Friday, Sep. 06, 1963

The Brainy Breed

Computers may some day hold conventions of their own, delivering learned papers on people and running up expense accounts. Last week, however, man still had the upper hand as the Association for Computing Machinery held its 18th annual conference in Denver. William C. Norris, president of the highly successful Control Data Corp., told the convention that "only the world's needs for energy rival the world's needs for computation and data processing." Though U.S. industry has already turned out 15,500 computers worth $5 billion, Norris' enthusiasm was not farfetched. The computer is becoming so versatile that businessmen and scientists are almost daily discovering new and unexpected uses for it.
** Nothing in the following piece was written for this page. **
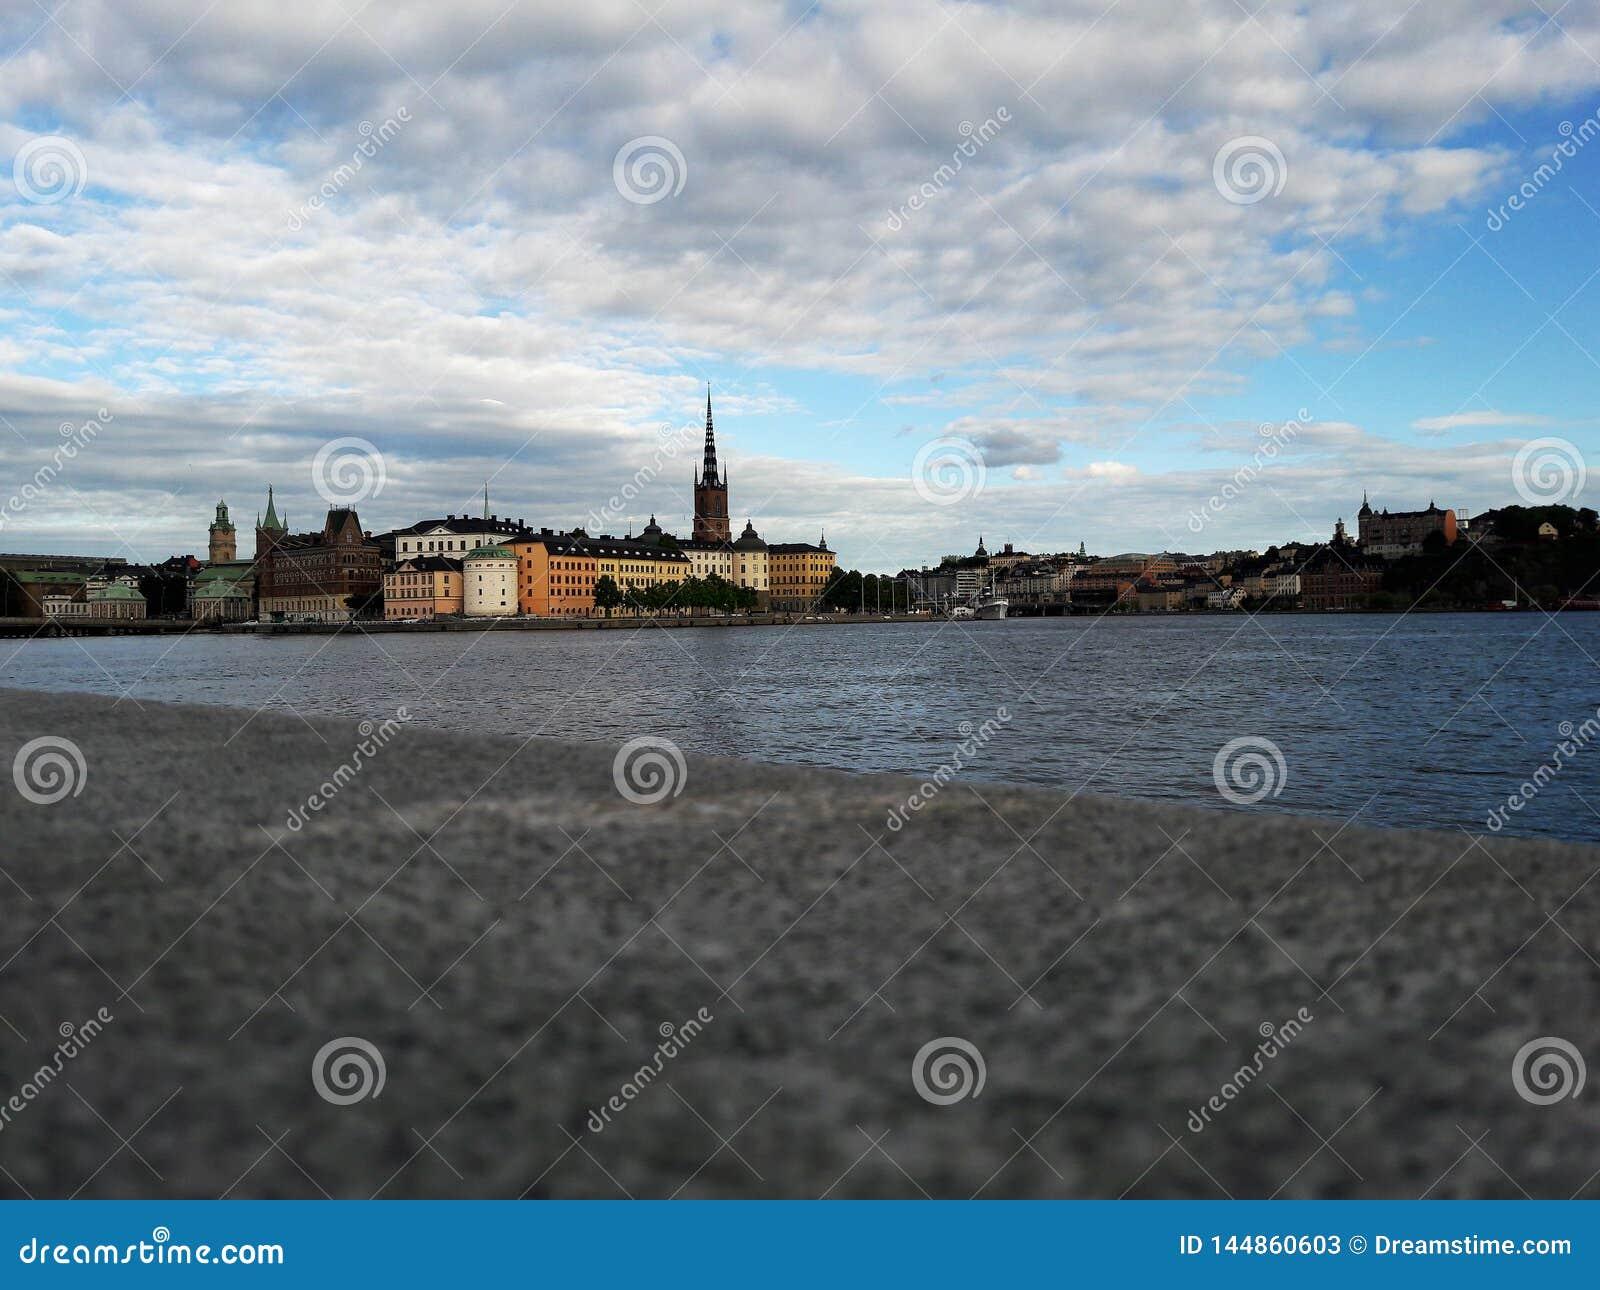 Άποψη της historycal παλαιάς πόλης της Στοκχόλμης

At Boston's H. P. Hood & Sons, a computer figures out the right mix of fruit that goes into the company's tutti-frutti ice cream, instructs the ice cream-making machinery just what grade and quantity of ice cream to make. In the kitchens of Sara Lee bakeries, another one stores recipes and orders the proper amount of butter and eggs; soon, it will also control the cake mixes, ensure that they are baked at the right temperature, then automatically test their quality, setting up electronic protests if it has been disobeyed. A General Electric computer is scheduling the timing of each stage in the construction of a 34-story Manhattan apartment house, and in Detroit computers tell automen how to make their cars ride more smoothly by calculating the strain requirements of springs and shock absorbers.

Watching the Grads. The cattle industry uses an electronic brain to get in 40 seconds a three-generation ancestry of any one of the 3,700,000 registered Aberdeen Angus beef cattle; an IBM machine tells many farmers, on learning the size and location of their farms, what crops to plant, what fertilizers to use and how many laborers to hire. Computers help to design comfortable brassieres for the garment industry, and have so highly automated many warehouses down to the billing and shipping that Rose Marie Reid swimsuits has cut by 75% the time it takes to ship a suit after getting an order.
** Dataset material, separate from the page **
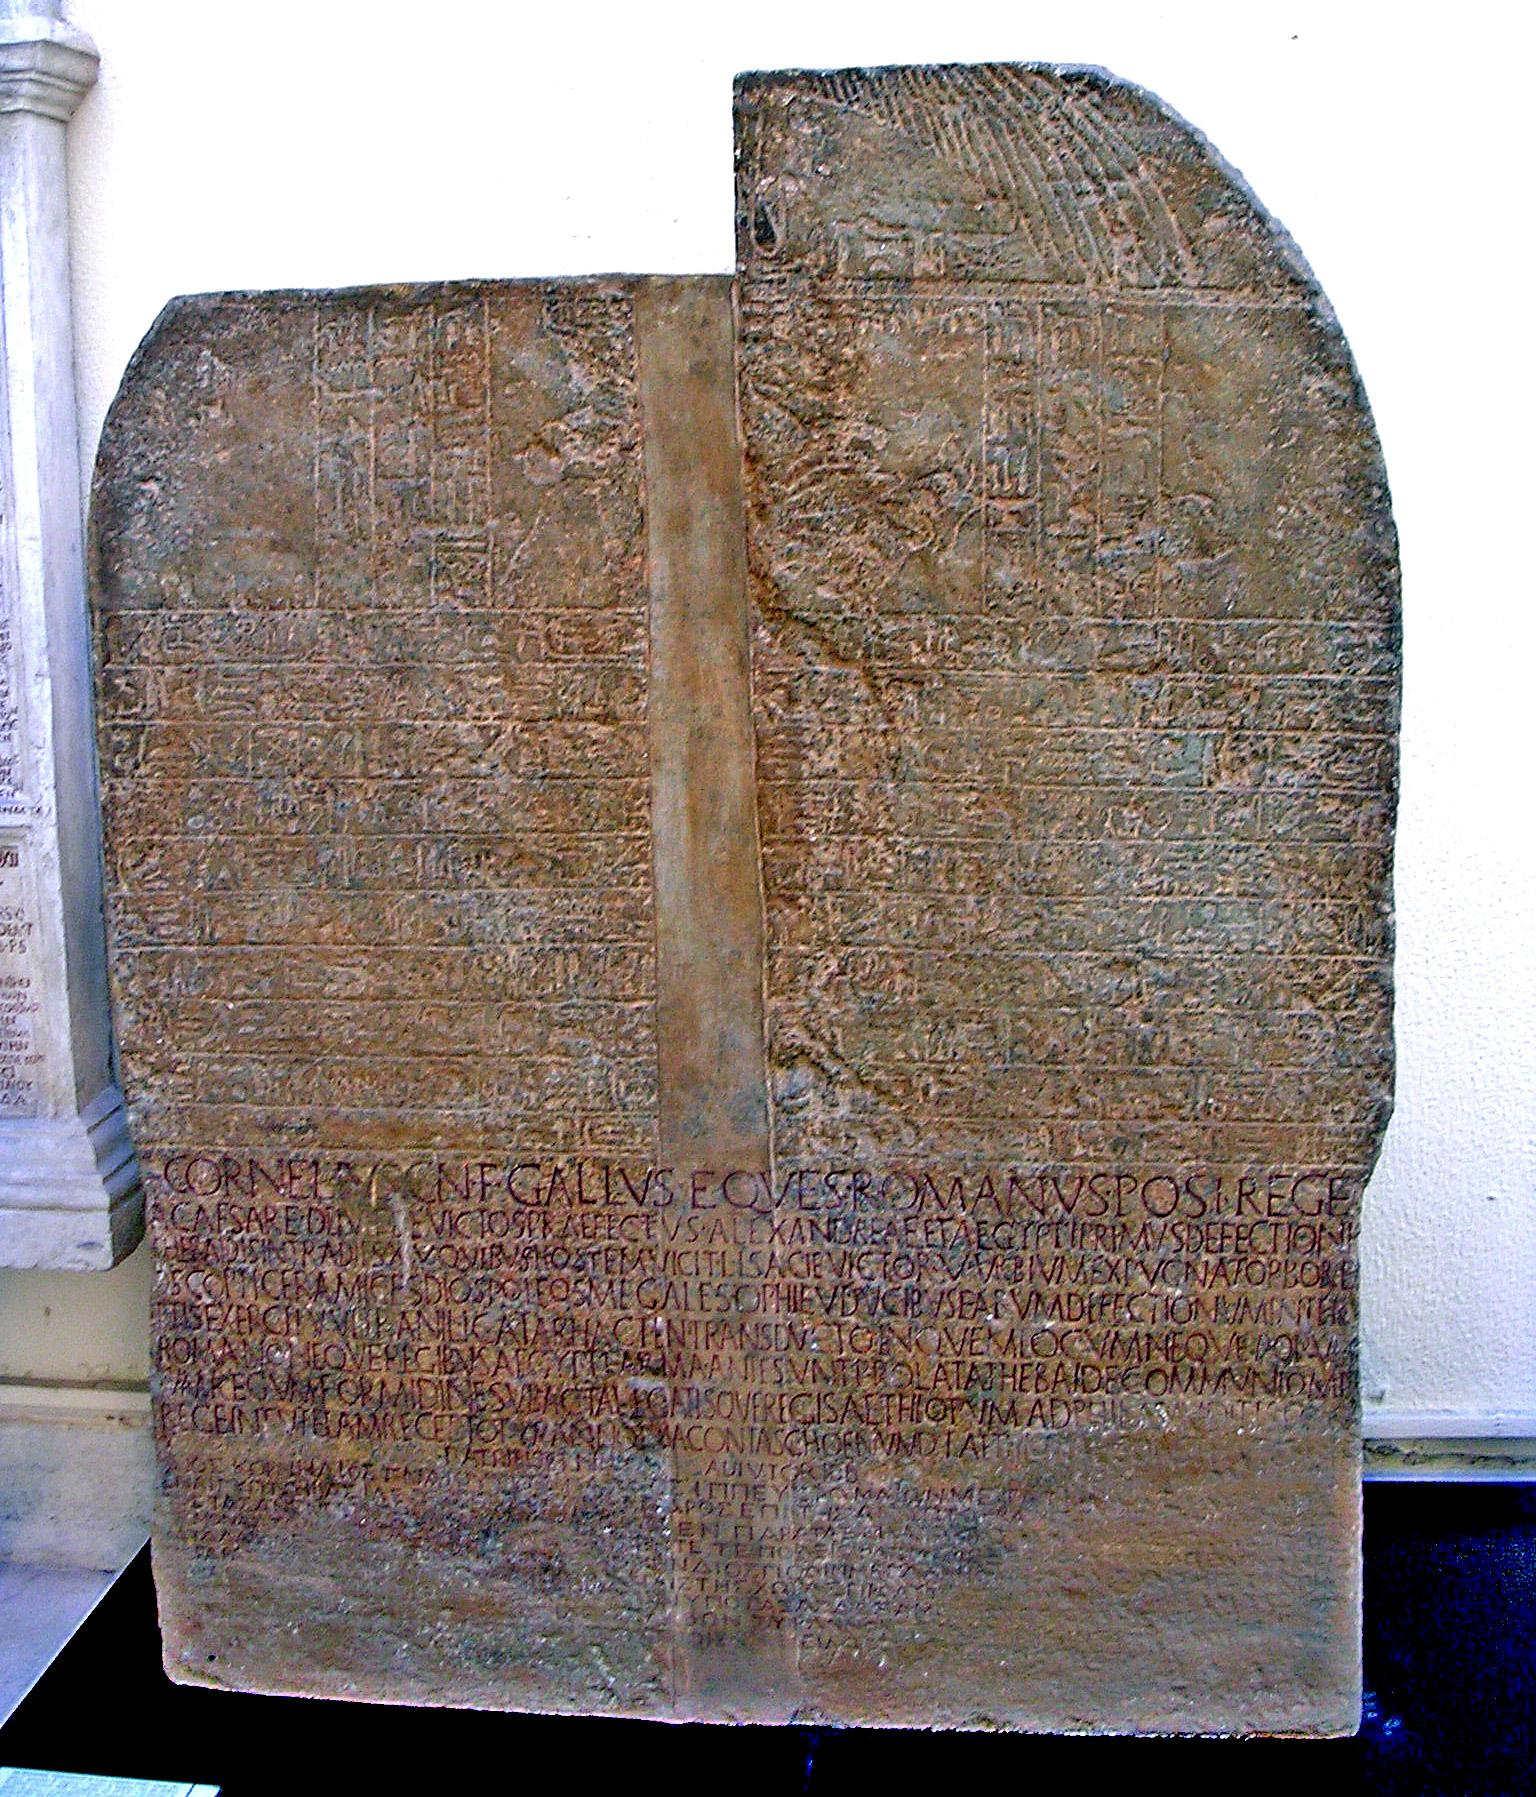 Dedication of Cornelius Gallus (CIL III, 14147)

They are now widely used to check on the consumer's buying habits (the average supermarket shopper spends $13.10 on 22 items each time she enters the store), are pressed into service by oil companies to locate likely areas to drill, and can tell the Navy weather conditions surrounding almost any ship on the ocean. Stanford is using a Burroughs model to try to establish a scientific basis for foreign policy by measuring international tensions and the reactions of world leaders to current events. Georgia Tech assigns football seats for old grads strictly on a computer's reading of how active they have been as alumni.

Telephone Chats. It is hardly a surprise that computers have begun talking over the telephone. The Communitype, made by Manhattan's Radio Electronics Corp., enables a computer to receive a problem over phone lines and in seconds return an answer that can be read on an electric typewriter. Other systems now take phone requests for customer credit and answer with such prerecorded phrases as "Credit no good." Perhaps the most startling development is that computers have learned how to create others of their kind, and are speeding up their own birth rate by designing even more sophisticated brains, then guiding automatic machines to put them together. To those out of step with the cybernetics revolution, it may come as a relief to discover that computers can be fallible: one at M.I.T. gasped and gave up the ghost after trying to digest all the weather information for the past million years, and another collapsed while trying to remember all the known scientific articles ever written.